The plant's roots have also been shown to contain cysteine sulfoxide derivatives that are analogous to, but different from, those found in such plants as garlic and onion. For example, P. alliacea contains S-phenylmethyl-L-cysteine sulfoxides (petiveriins A and B) and S-(2-hydroxyethyl)-L-cysteines (6-hydroxyethiins A and B).
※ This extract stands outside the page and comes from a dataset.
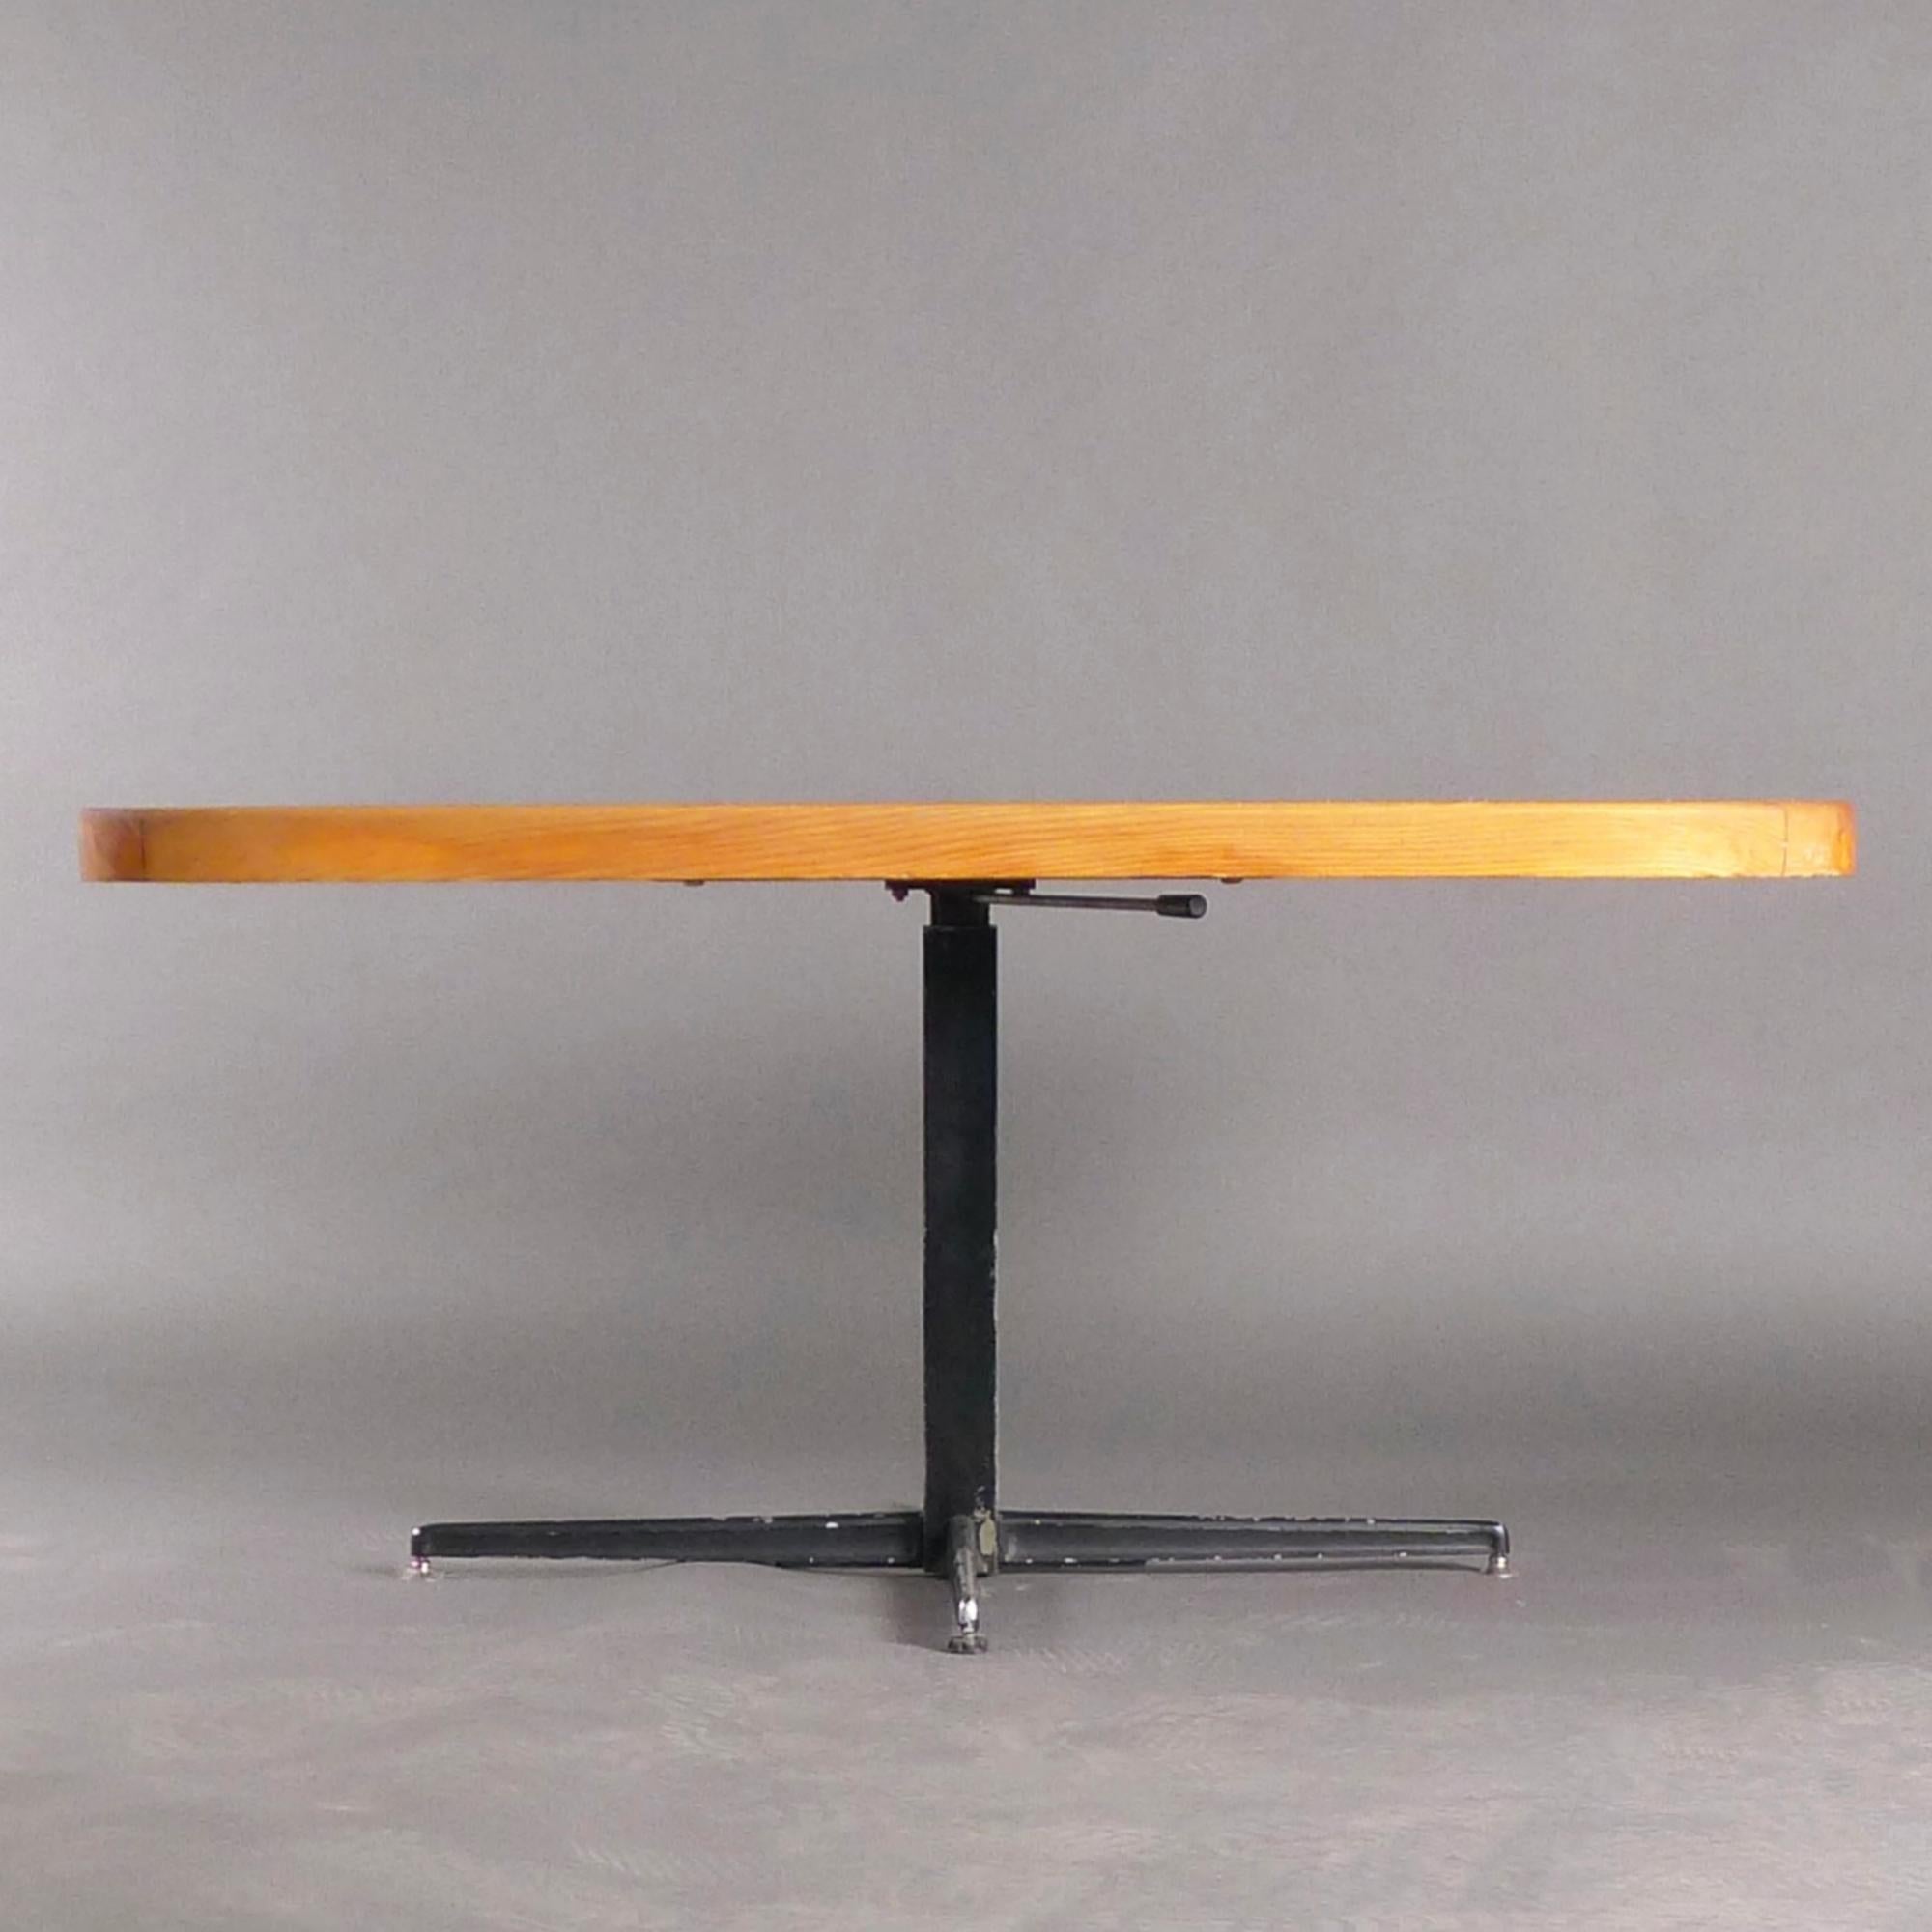 Rare table de salle à manger / table basse réglable, conçue par Charlotte Perriand pour être utilisée dans la série de stations de ski sur lesquelles elle a travaillé aux Arcs, en France, dans les années 1960-70.

Les angles arrondis du plateau en

These compounds serve as the precursors of several thiosulfinates such as S-(2-hydroxyethyl) 2-hydroxyethane)thiosulfinate, S-(2-hydroxylethyl) phenylmethanethiosulfinate, S-benzyl 2-hydroxyethane)thiosulfinate and S-benzyl phenylmethanethiosulfinate (petivericin). All four of these thiosulfinates have been found to exhibit antimicrobial activity. Petiveriin also serves as precursor to phenylmethanethial S-oxide, a lachrymatory agent structurally similar to syn-propanethial-S-oxide from onion, but whose formation requires novel cysteine sulfoxide lyase and lachrymatory factor synthase enzymes differing from those found in onion.

Domestic animals that consume P. alliacea can pass the garlic-like odor characteristic of the plant to their meat, eggs and milk. In addition, nitrates in the plant can cause toxicosis in cattle.